> _TASK PROMPT_:
Although pictures appear in the records, the copy must leave them out and match everything else exactly.

> _EXTRACTED ENTRIES_:
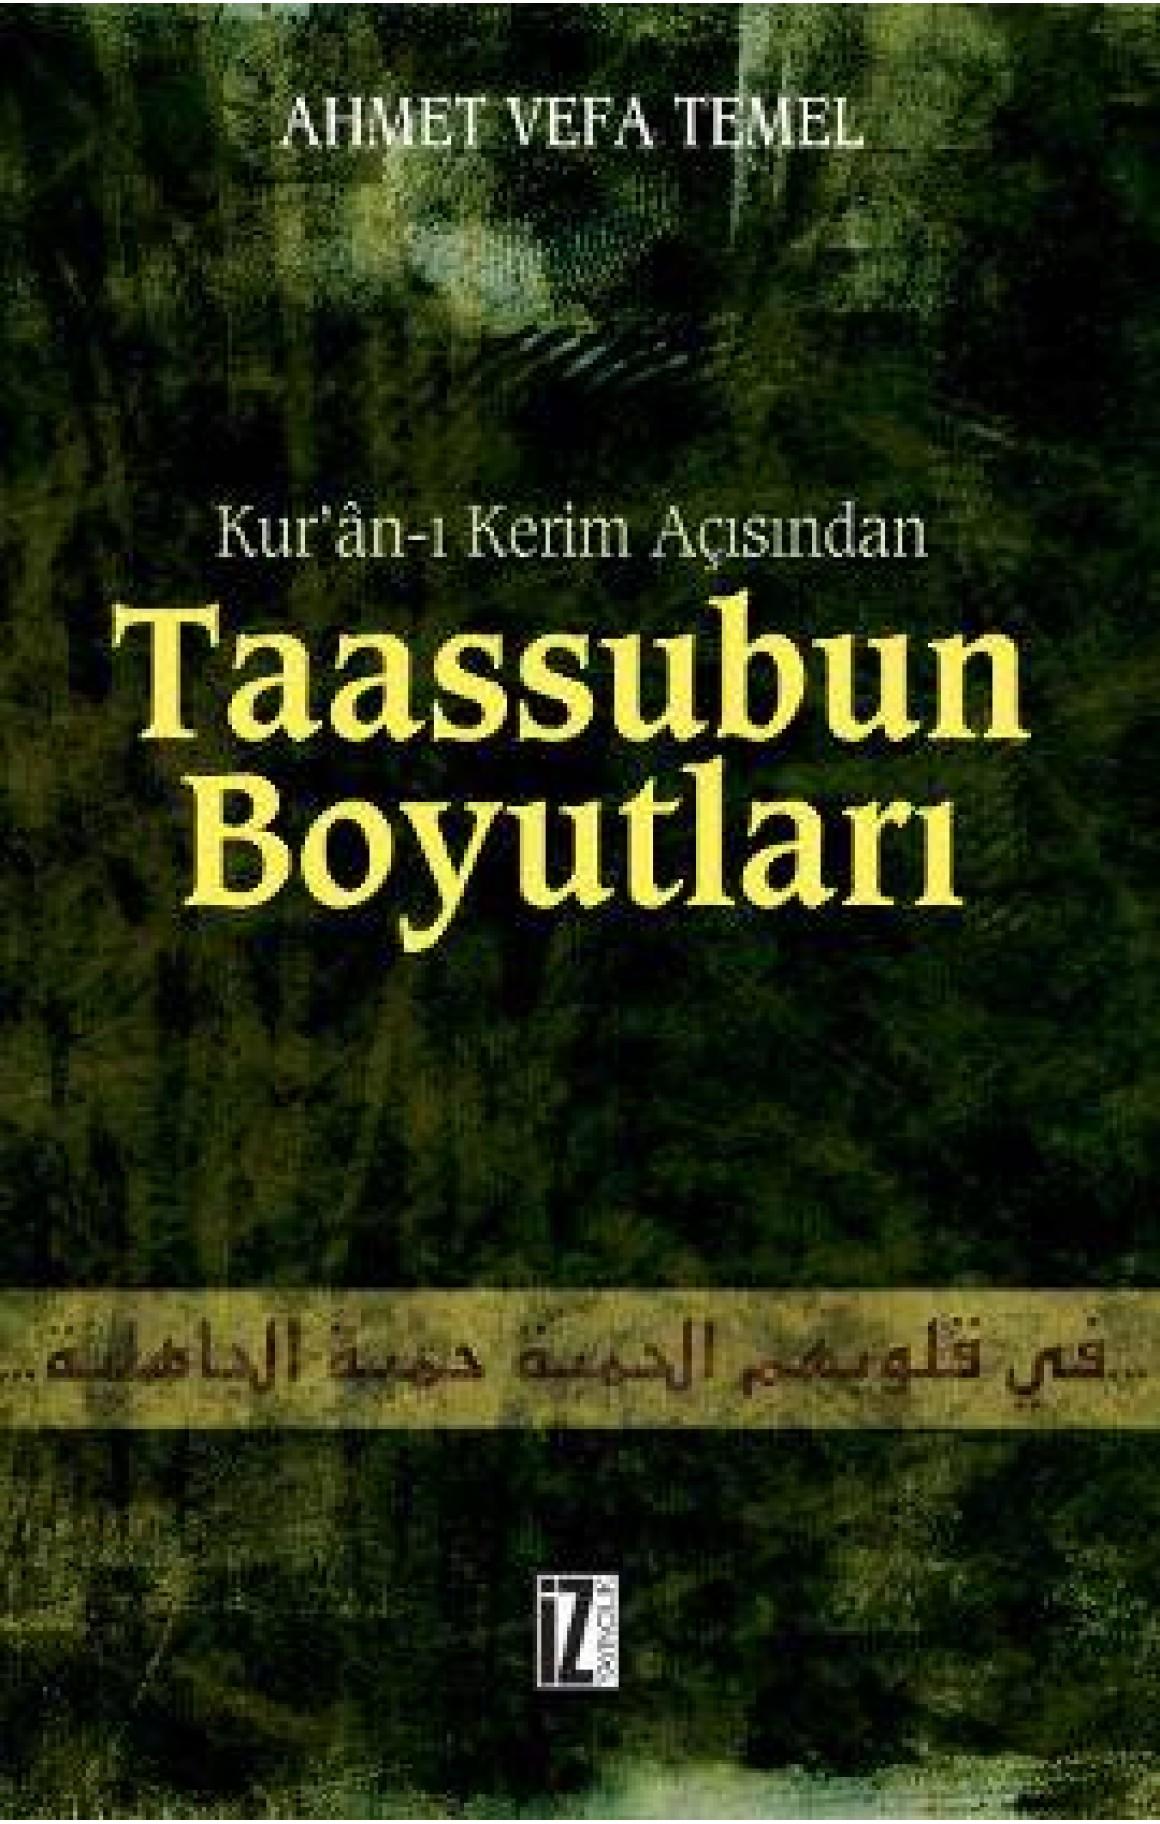 Kur'an-ı Kerim Açısından Taassubun Boyutları
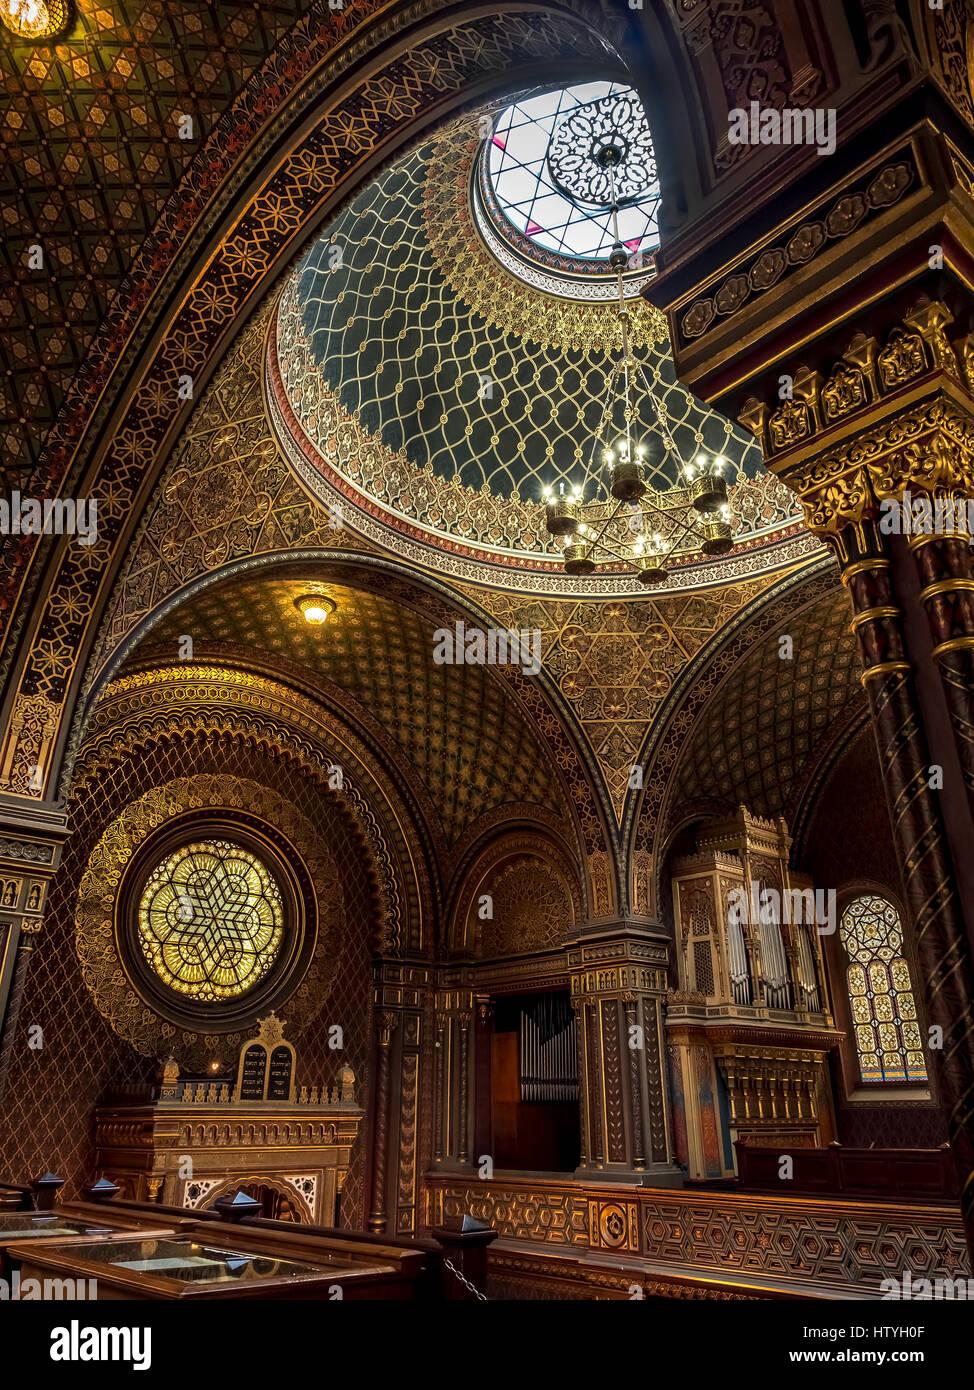 Spanish synagogue inside stockfotos spanish synagogue - Spanische dekoration ...
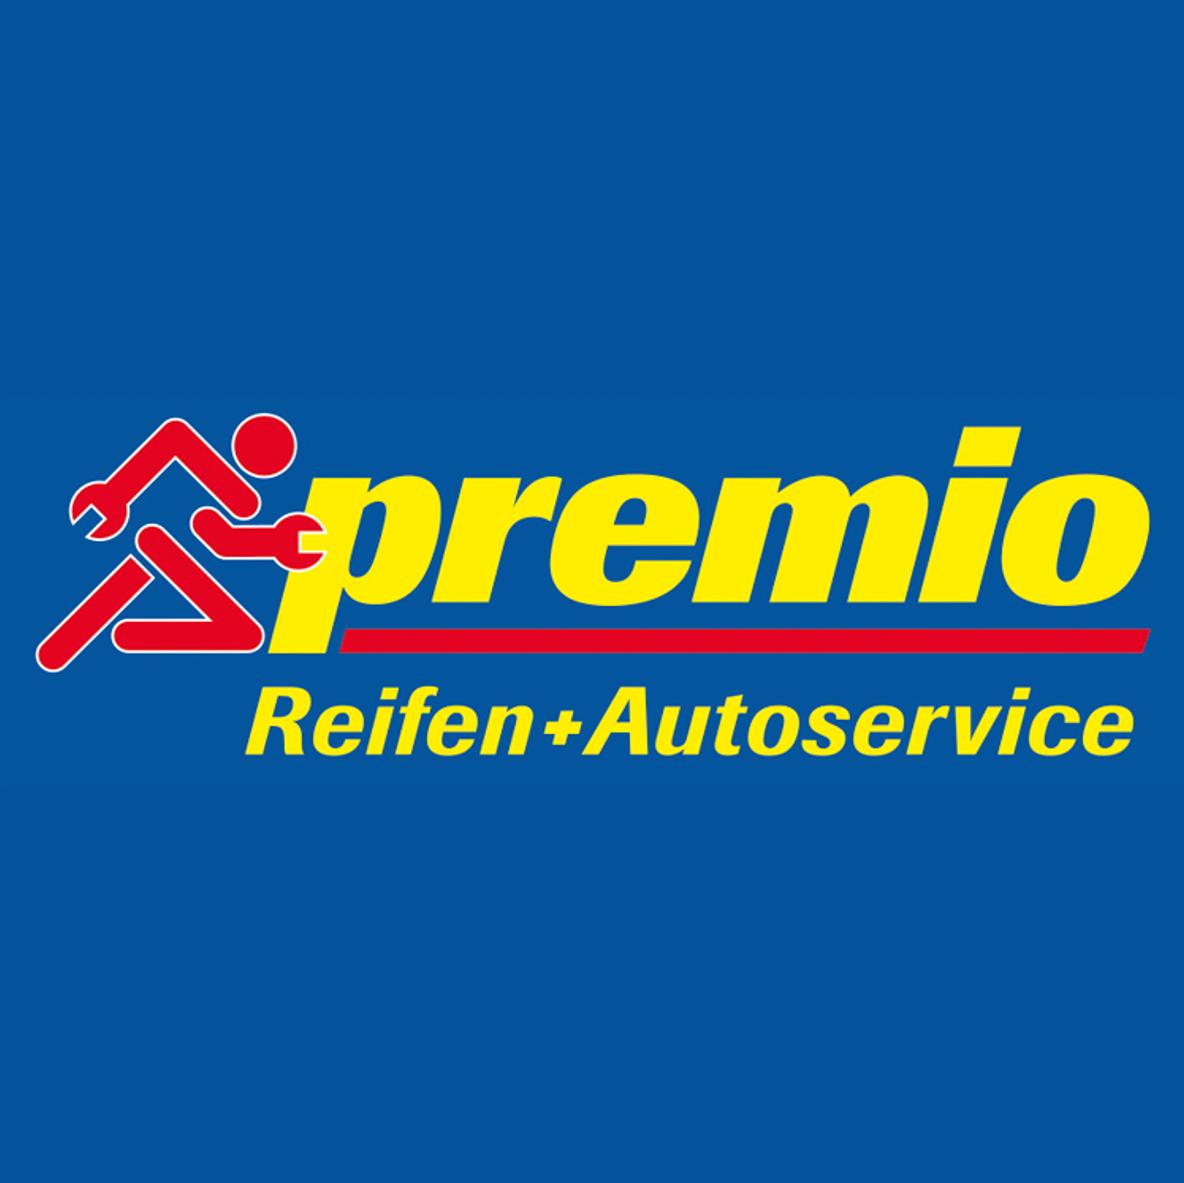 Premio Reifen + Autoservice Bierbaum GmbH
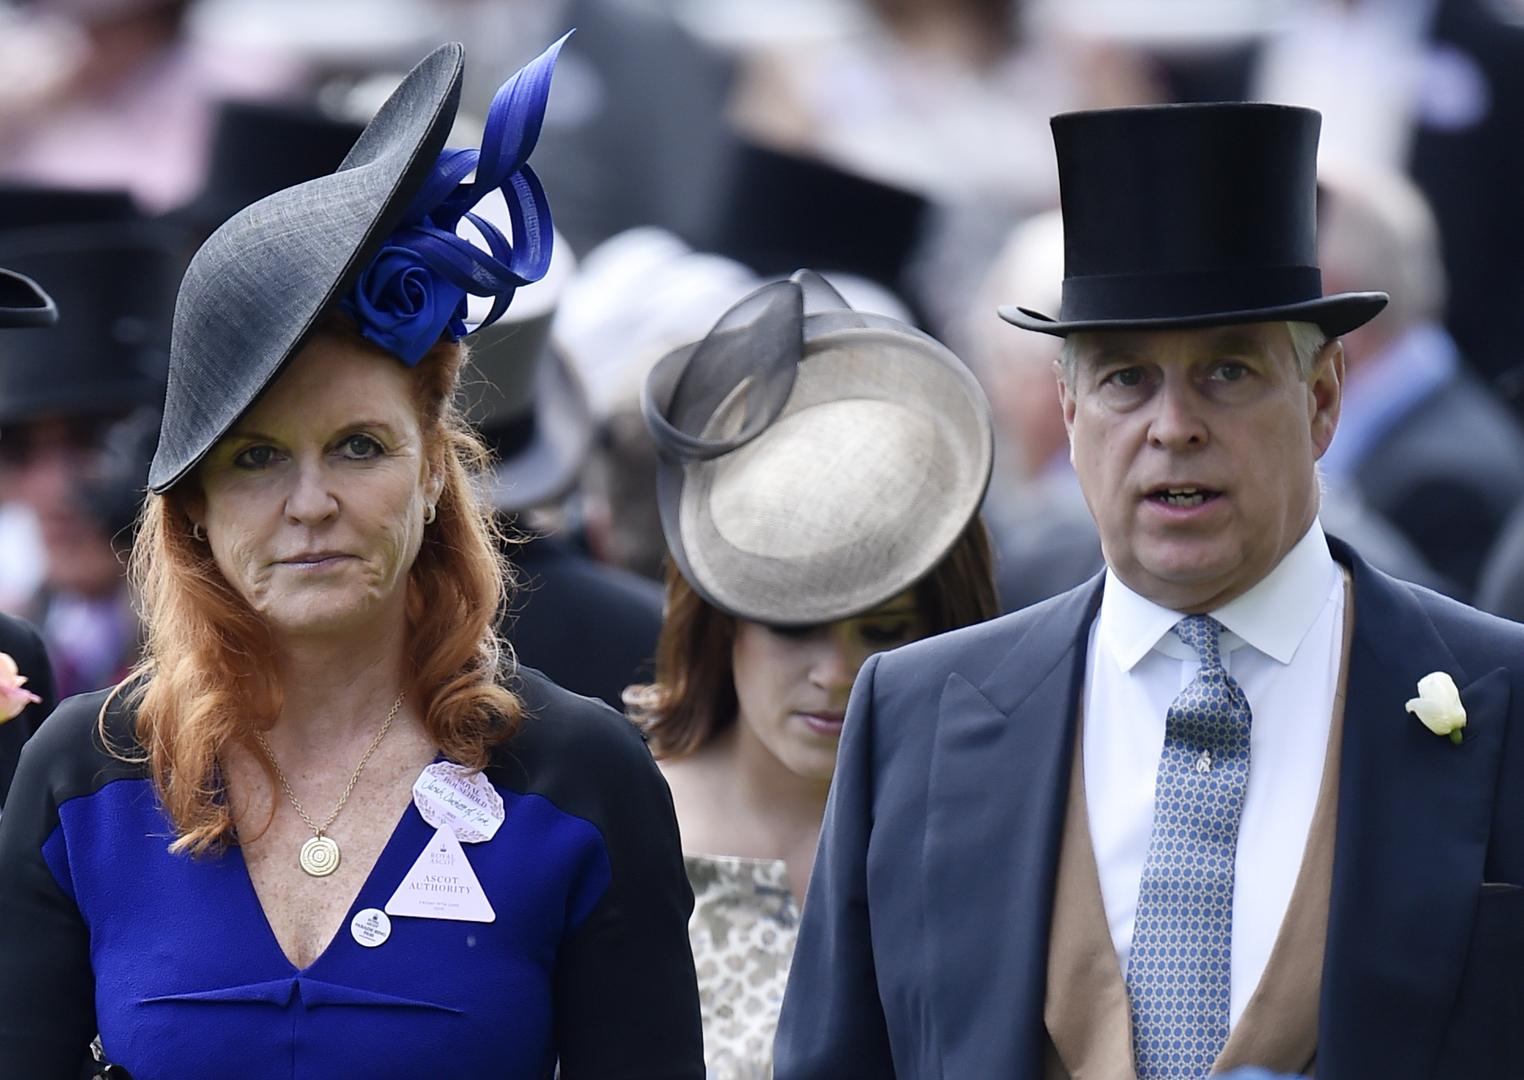 الأمير البريطاني أندرو وزوجته السابقة سارة فيرغسون
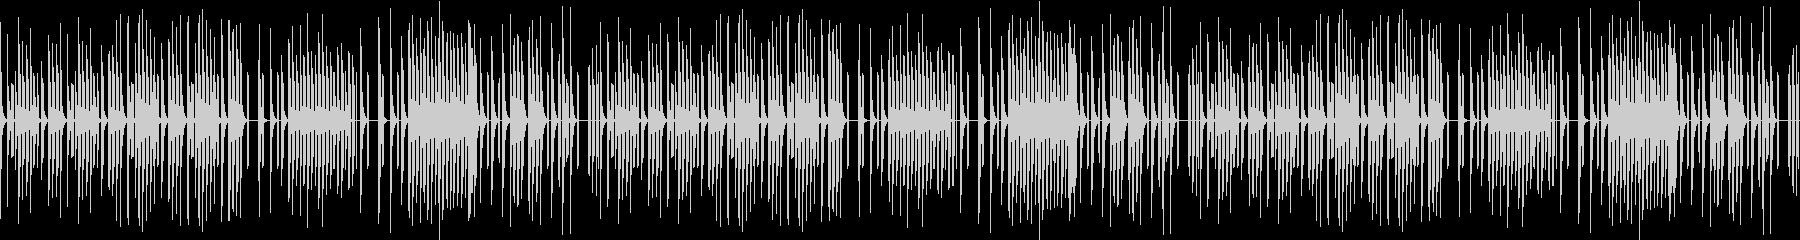 軽快なテンポのファミコン風ゲームBGMの未再生の波形
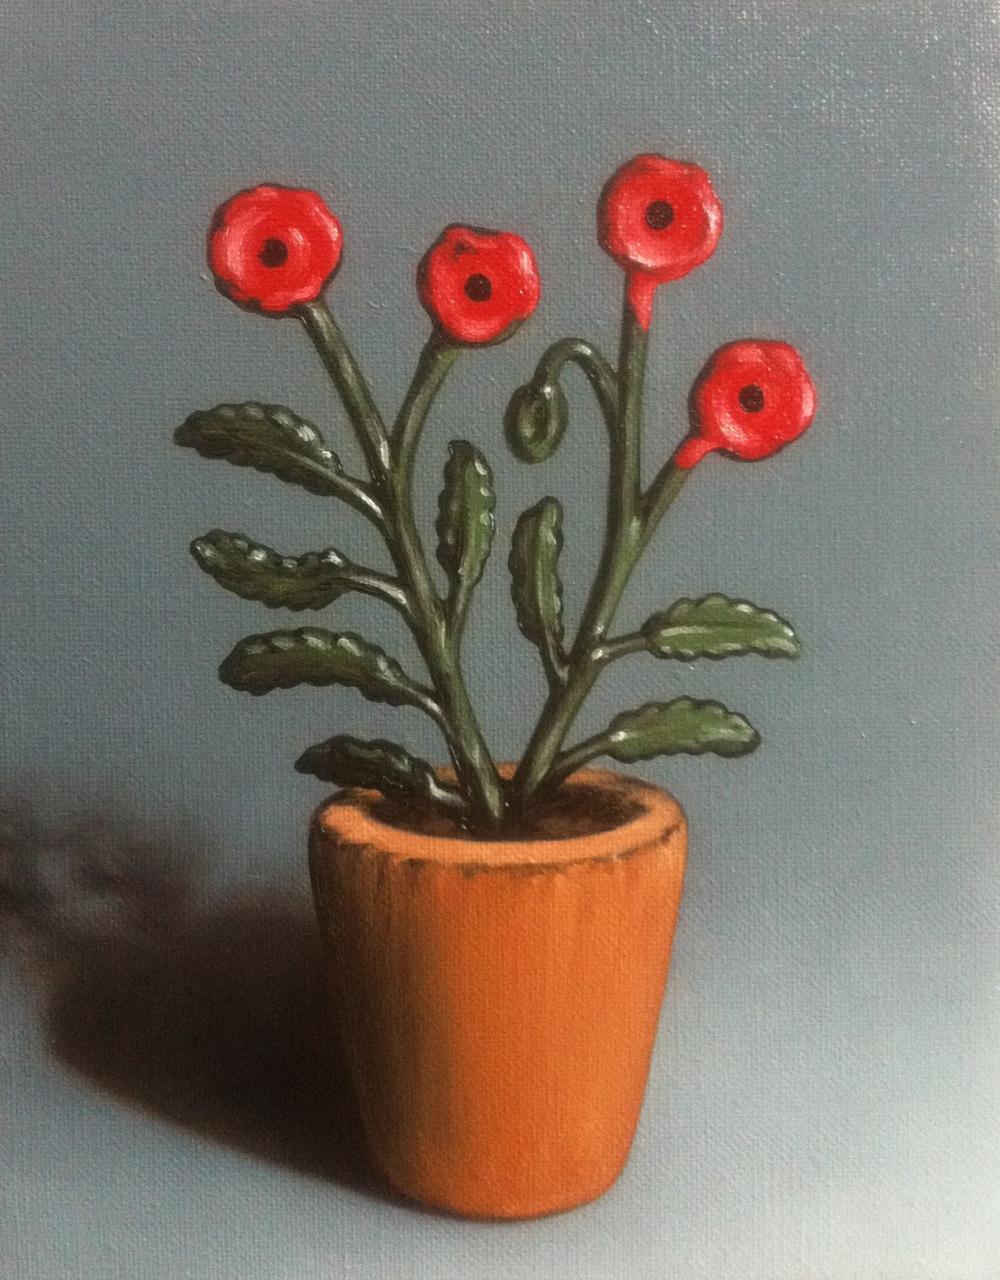 The Poppy Plant

> _ANSWER TO THIS TASK_:
 Kur'an-ı Kerim Açısından Taassubun Boyutları
 Spanish synagogue inside stockfotos spanish synagogue - Spanische dekoration ...
 Premio Reifen + Autoservice Bierbaum GmbH
 الأمير البريطاني أندرو وزوجته السابقة سارة فيرغسون
 軽快なテンポのファミコン風ゲームBGMの未再生の波形
 The Poppy Plant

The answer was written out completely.